Earlier: Storm Ali leaves 186,000 without power and brings Ploughing Championships to a historic halt

ESB Networks said that 186,000 homes, businesses and farms have been left without power, with the most impacted in Cavan, Sligo, Donegal, Castlebar and Galway.

Crews are working where it is safe to do so to restore power as quickly as possible.

Over 1400 individual faults have been recorded across the network.

There has been severe disruption to the Luas Green Line in Dublin, as trams are only running between Brides Glen-Balally and Dominick-Broombridge as teams work to untangle overhead wires struck by a tree.

Engineers are working to free a section of the tram but it is not known as yet whether full service will resume before rush hour this evening.

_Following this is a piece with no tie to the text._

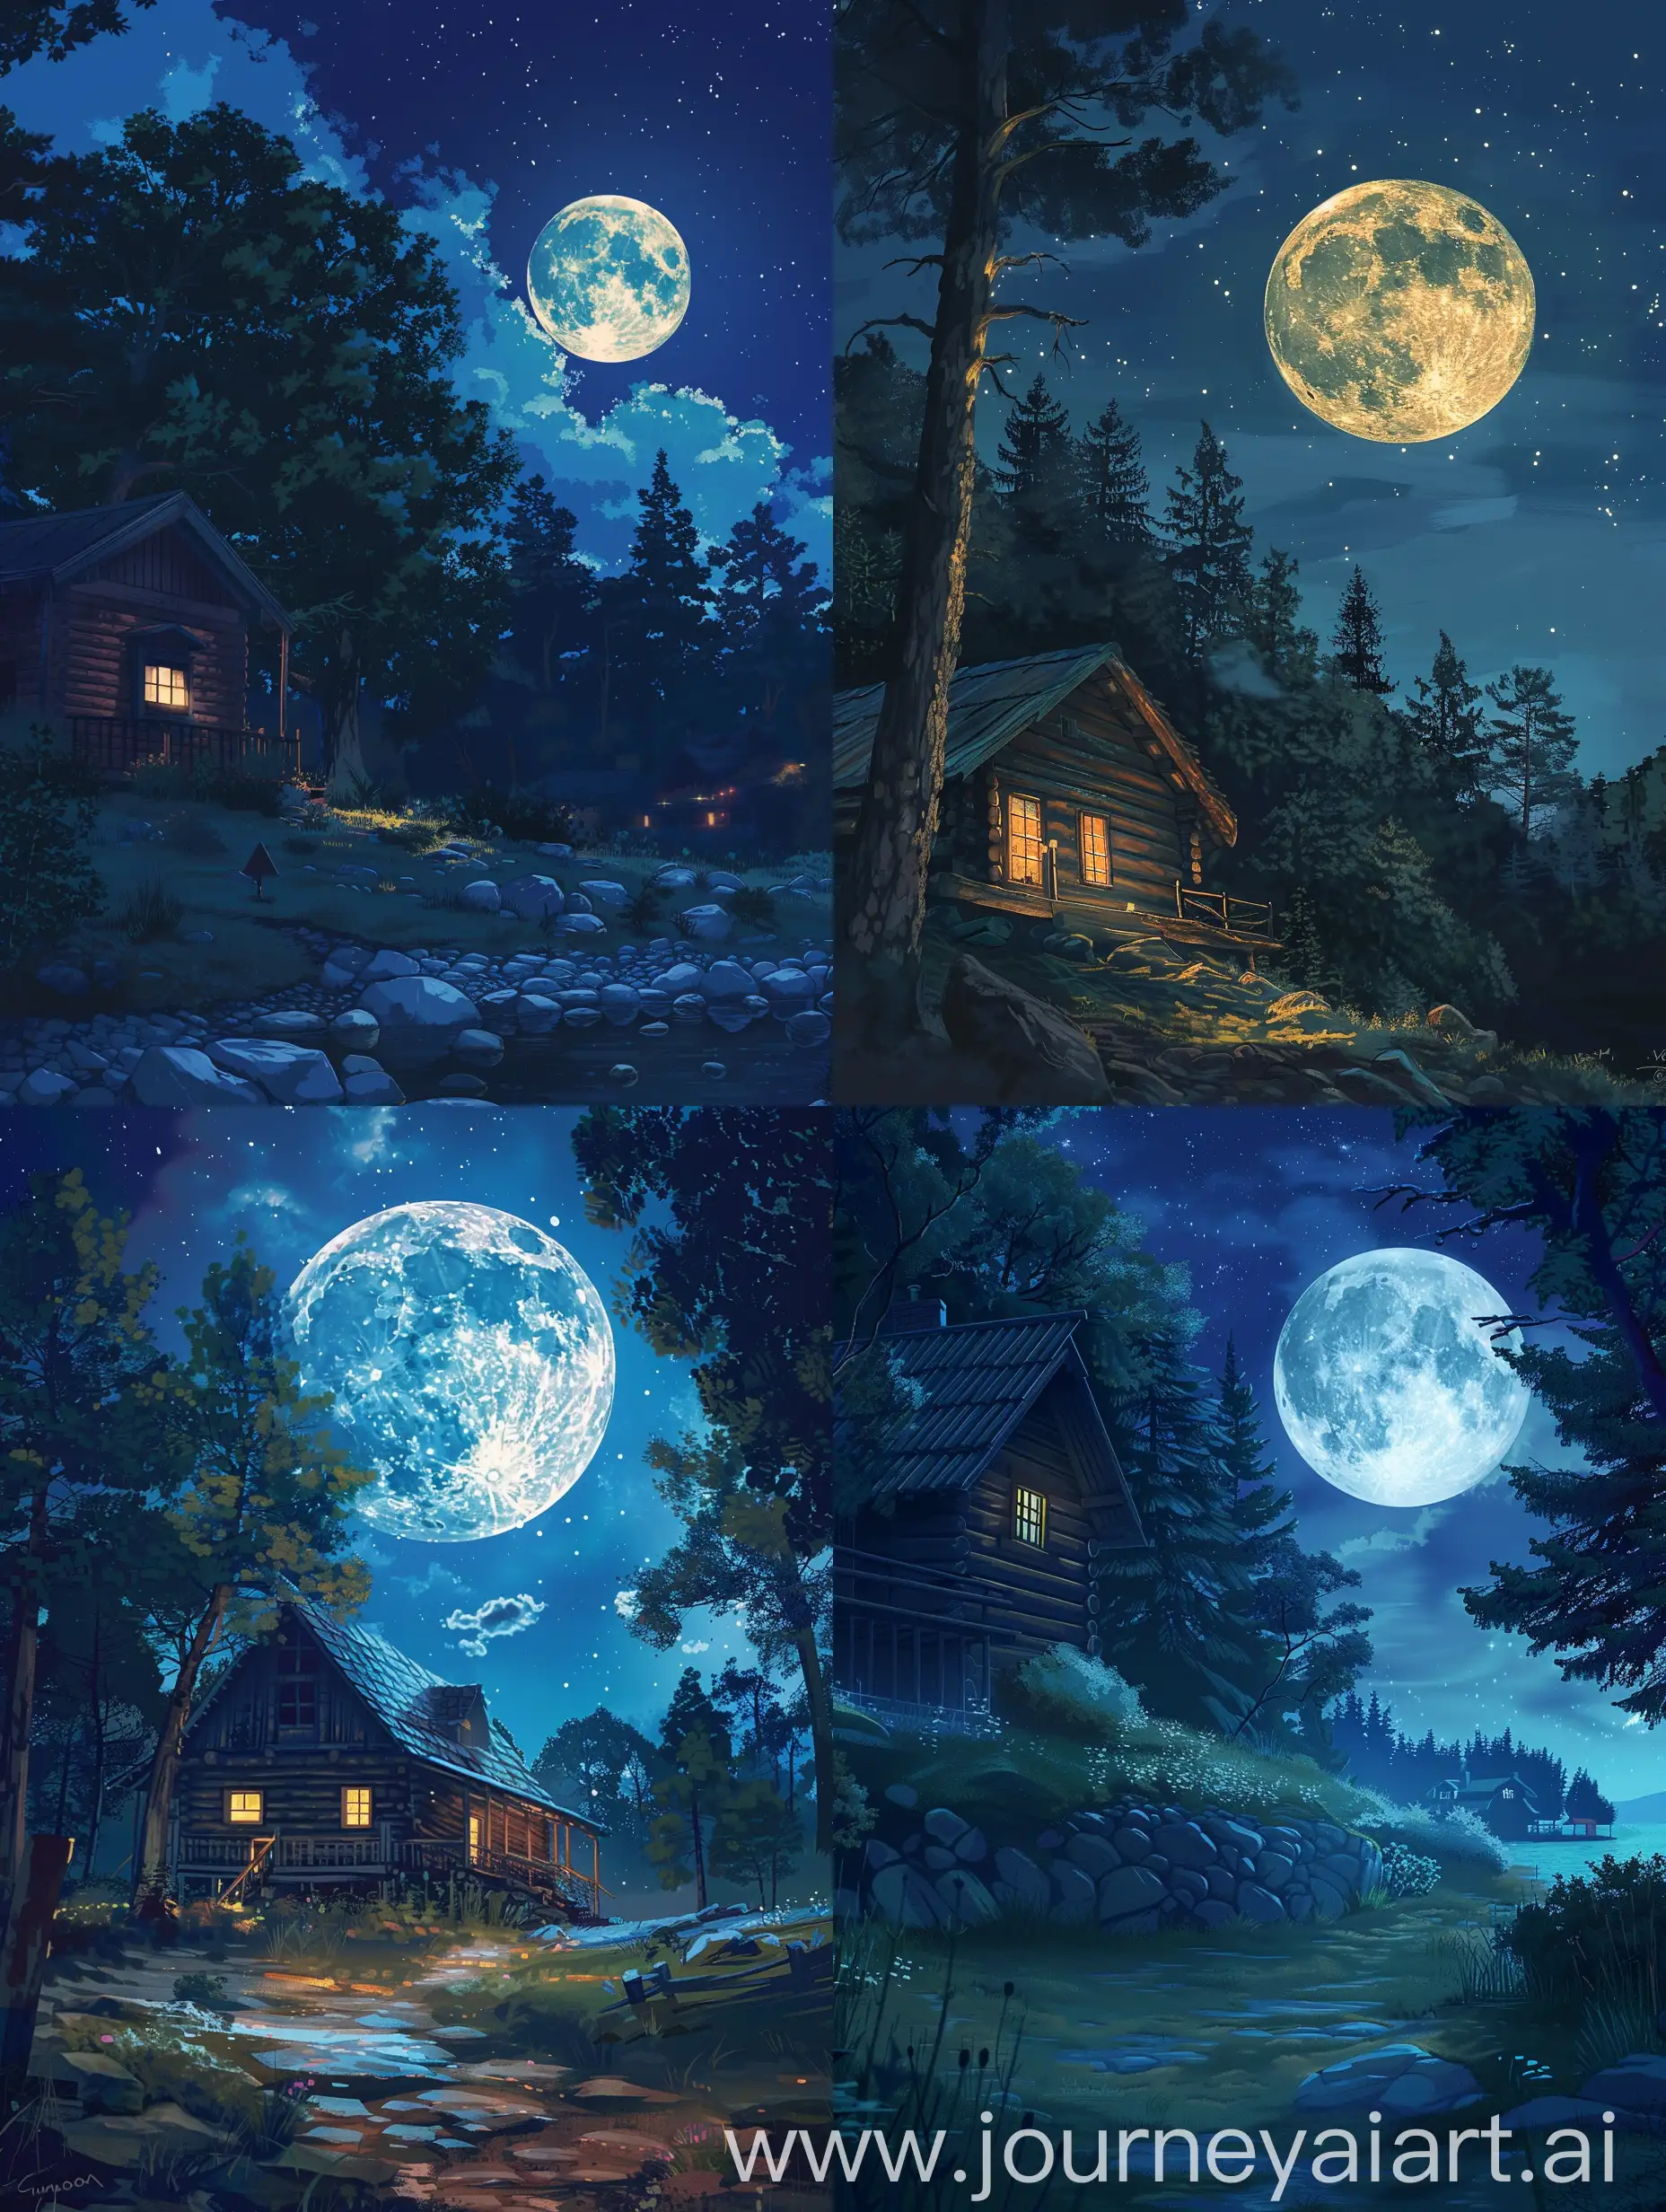 night scene of a cabin in the woods with a full moon, beautiful moonlight night, night scenery, moonlit night dreamy atmosphere, calm night. digital illustration, moonlit night, nighttime nature landscape, anime background art, beautiful wallpaper, at night with full moon, night time moonlight, at night with moon light, dreamy night, nightime village background,

The storm has also led to the cancellation of the second day the National Ploughing Championships.

The event, which attracts tens of thousands of visitors every year, was cancelled following damage caused by the severe weather.

"All tickets for today will be valid for tomorrow," said Anna Marie McHugh, Assistant Managing Director of the National Ploughing Association.

"We are in conversation at the minute with all the service.

"So we're talking to see how they feel about an extra day."

This is only the second time weather has affected the ploughing, in 1965 the event had to be postponed for a week because of snow.

Storm Ali continues to wreak havoc across Ireland and has led to delays in a number of services including postal services throughout the north and north-west of the country.


Heavy winds and subsequent storm damage led to disruptions in more than 60 post offices while mail deliveries across a wide area of the north and north-west were temporarily disrupted during the height of the storm.

Heavy winds and subsequent storm damage led to disruptions in more than 60 post offices while mail deliveries across a wide area of the north and north-west were temporarily disrupted during the height of the storm.

Met Eireann said the strongest gusts in the hour leading up to 10am reached speeds of 120km/h at Mace Head in County Galway, 98km/h at Dublin Airport and 107km/h at Shannon.

Storm damage to the exhibitor stands at the National Ploughing Championships at Screggan, Tullamore, Co Offaly. Picture Dan Linehan

Dublin Airport said the storm would have an impact on its schedule and warned of cancellations.

Gale-force gusts began to be recorded on the Galway coast as heavy rain moved in.

Forecasters issued a Status Orange wind warning for more than half the country due to the storm.

Photos posted on social media showed trees down in Galway, while Dublin Fire Brigade posted about falling trees damaging cars, with one photo showing a smashed windscreen.

The unsettled weather is due to last right through the week, but an improvement is expected early next week as the drier weather is set to take hold.

Ali is first on the storm names list for 2018-19 announced by Met Eireann and the UK Met Office, which has run the Name Our Storms scheme for four years.

The season's names have been compiled from a list of submissions by the public, choosing some of the most popular names and also selecting those which reflect the nations, culture and diversity of the Ireland and the UK.